Lawyer John Miano, who represented a group of American tech workers in a long-running but unsuccessful lawsuit over the H-1B and the H-4 visa for H-1B holders’ spouses, responded to the President’s statements with bitterness.

“Trump clearly has decided to throw the people who supported him through three elections under the bus and has aligned himself with the billionaire class,” Miano told this news organization. “He supports replacing Americans with cheap foreign workers.”

White House spokeswoman Taylor Rogers said in an emailed statement Thursday that Trump “has done more than any president in modern history to tighten our immigration laws and put American workers first.”

Rogers called Trump’s imposition of a $100,000 fee for certain new H1-B visas in September “a significant first step to stop abuses of the system and ensure American workers are no longer replaced by lower-paid foreign labor.” The Trump administration “is protecting American workers by restoring accountability in the H-1B process, ensuring that it is used to bring in only the highest-skilled foreign workers in specialty occupations and not low wage workers that will displace Americans,” Rogers said.

Trump in his first administration cracked down on the H-1B, dramatically increasing denial rates for new visas in 2018, mostly targeting staffing companies. A rule issued in Trump’s first term that raised minimum pay was snuffed out by a lawsuit by the Bay Area Council, Stanford University and the U.S. Chamber of Commerce. Under President Joe Biden, another rule from Trump’s first term, to replace the lottery-based H-1B allocation system with a wage-based program, was set aside.

Trump, an immigration hardliner who in 2016 assailed use of the H-1B as a “cheap labor program,” had sparked MAGA-world turmoil in December after he was quoted in the New York Post calling the H-1B program “great.”

Outrage over Trump’s latest H-1B comments was not universal among MAGA supporters and conservatives.

Tesla and SpaceX CEO Elon Musk on Wednesday said Trump was “right” about the H-1B, adding, “We must distinguish clearly between companies that need to hire critical world-class talent from other countries vs companies that simply hire lower cost non-US employees to increase profits.”
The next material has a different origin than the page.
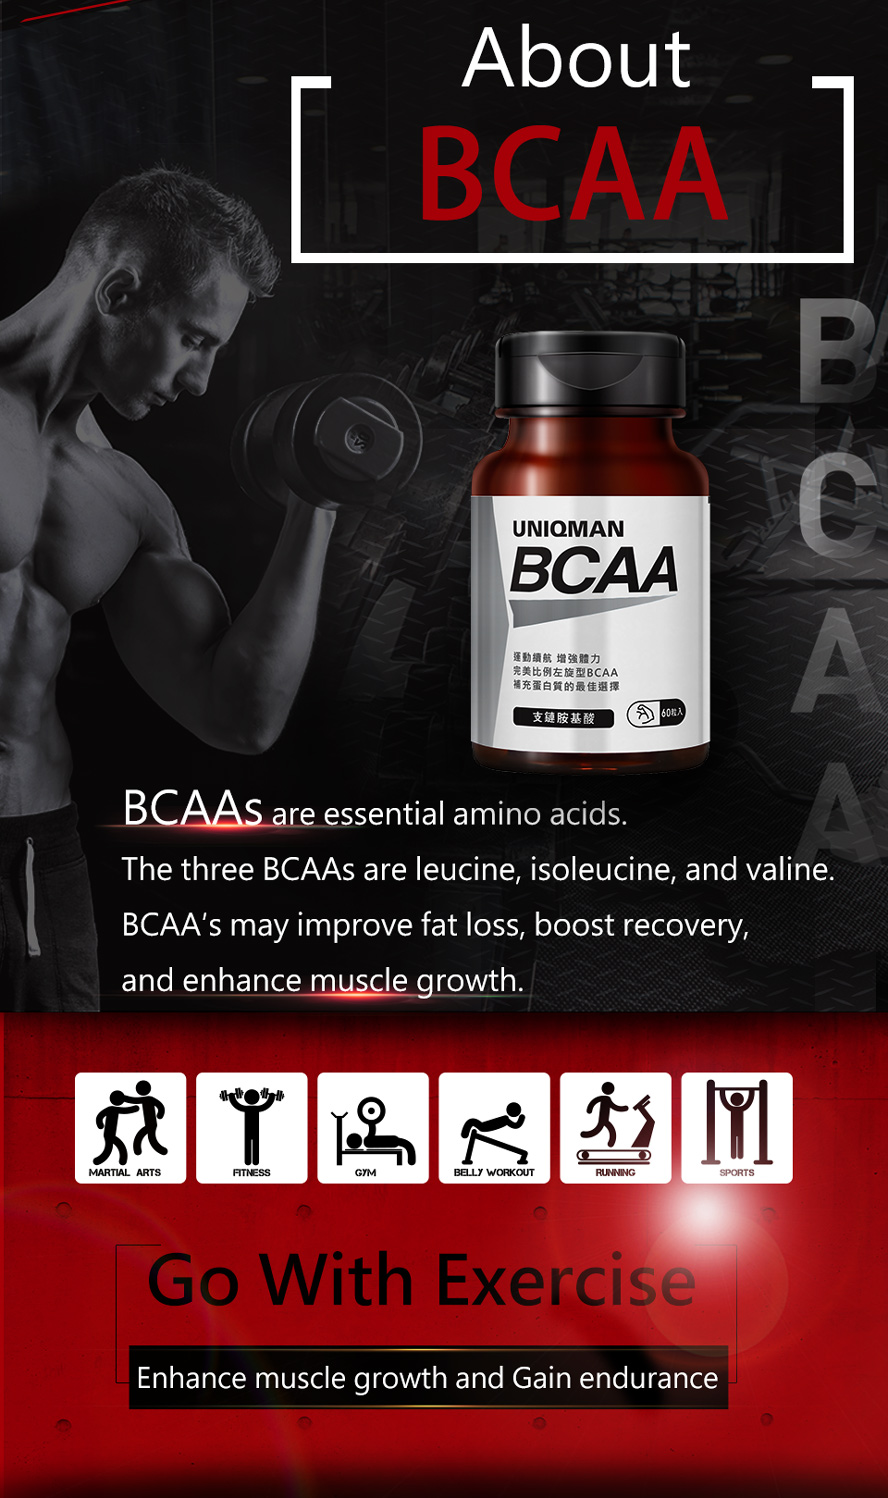 UNIQMAN BCAA can enhance exerciese performance

Trump loyalist Steve Bannon, a vitriolic H-1B foe, sought to defuse the furor over Trump backing the H-1B. On TV show Real America’s Voice on Wednesday, Bannon said Trump had been “pretty hermetically sealed” from information about H-1B-related damage to incomes and job opportunities for American workers. “We’ve got to get to what information he’s getting,” Bannon said, “and make sure that the information is accurate.”